Ketentuan ini terutama berkaitan dengan kewajiban seorang dokter melaporkan


peristiwa kelahiran, kematian dan penyakit menular.

KUHP Pasal 51
Tidak boleh dihukum barangsiapa melakukan perbuatan atau menjalankan perintah
jabatan yang diberikan pembesar yang berhak.

Ketentuan ini menyangkut dokter militer dan dokter majelis penguji kesehatan,
misalnya : melaksanakan tes kesehatan untuk penerimaan anggota TNI.

2.1.5 Pemberi dan Penerima Rahasia Kedokteran


Pihak-pihak yang Diwajibkan Menyimpan Rahasia Kedokteran

Menurut Peraturan Pemerintah Republik Indonesia Nomor 10 tahun 1996 Tentang Wajib
Simpan Rahasia Kedokteran pasal 3, yang diwajibkan menyimpan rahasia kedokteran adalah tenaga
kesehatan, mahasiswa kedokteran, murid yang bertugas di lapangan pemeriksaan, pengobatan
dan/atau perawatan, dan orang lain yang diterapkan oleh Menteri Kesehatan.
Menurut Peraturan Pemerintah RI No. 32 tahun 1996 tentang Tenaga Kesehatan pasal 2,
tenaga kesehatan terdiri dari :

1. Tenaga medis, meliputi dokter dan dokter gigi.


2. Tenaga keperawatan, meliputi perawat dan bidan.
3. Tenaga kefarmasian, meliputi apoteker, analis farmasi dan asisten apoteker.
4. Tenaga kesehatan masyarakat, meliputi epidemiolog kesehatan, entomolog kesehatan,
mikrobiolog kesehatan, penyuluh kesehatan, administrator kesehatan dan sanitarian.
5. Tenaga gizi, meliputi nutrisionis dan ditisien.
6. Tenaga keterapian fisik, meliputi fisioterapis, okupasioterapis, dan terapis wicara.
7. Tenaga keteknisian medis, meliputi radiografer, radioterapis, teknisi gigi, teknisi
elektromedis, analis kesehatan, refraksionis optisien, otorik prostetik, teknisi transfusi,
dan perekam medis.
Berpuluh-puluh abad yang lalu hal tentang wajib simpan rahasia kedokteran sudah
dicanangkan oleh Hippocrates dalam sumpahnya yang hingga kini tetap dianut dan menjadi
dasar dari kode etik kedokteran di seluruh dunia yang tentunya disesuaikan dengan situasi dan
kondisi masing-masing negara.
Rahasia kedokteran merupakan suatu hal yang secara intrinsik bertalian dengan segala
pekerjaan yang berkaitan dengan ilmu kedokteran secara menyeluruh.

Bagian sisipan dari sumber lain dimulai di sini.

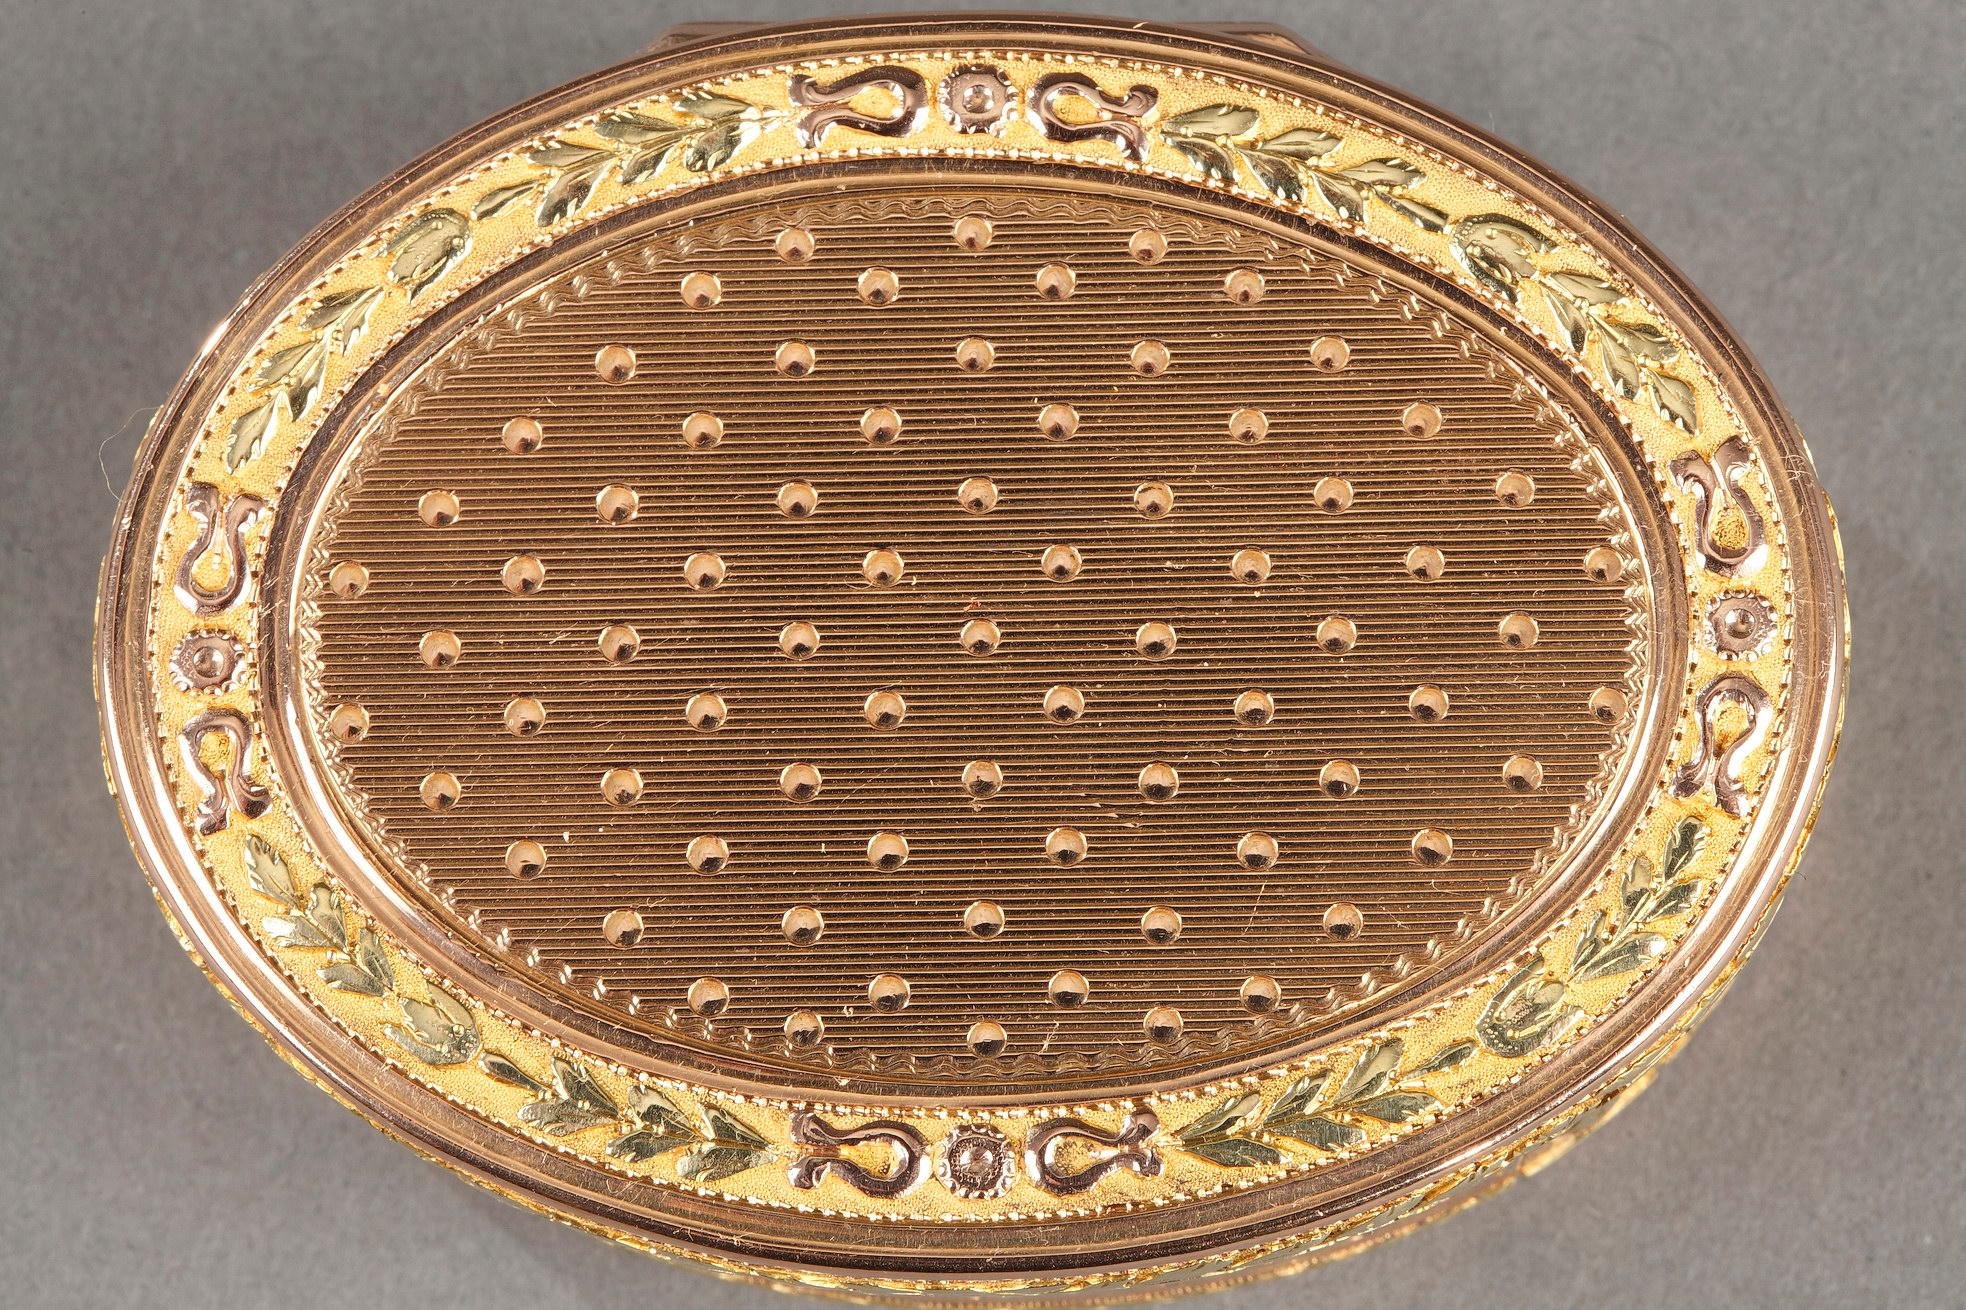 Ovale Dose oder Schnupftabakdose aus Gold in verschiedenen Farbtönen. Die Schnupftabakdose ist mit einem guillochierten Muster aus parallelen Streifen und Punkten auf dem Deckel, der Seite und dem Boden verziert. Der Rand ist mit einem stilisierten

Oleh karena itu harus
kita sadari bahwa semua orang yang dalam pekerjaannya bergaul dengan orang sakit atau
sedikitnya mengetahui keadaan orang sakit, tetapi tidak atau belum mengucapkan sumpah atau
janji secara resmi, maka sudah sepantasnya berkewajiban dan menjunjung tinggi rahasia
rahasia kedokteran tersebut.
Kewajiban menyimpan rahasia kedokteran juga terdapat dalam lafal sumpah dokter
yang berbunyi : “Saya bersumpah /berjanji bahwa saya akan merahasiakan segala sesuatu yang
saya ketahui karena pekerjaan saya dan karena keilmuan saya sebagai dokter”.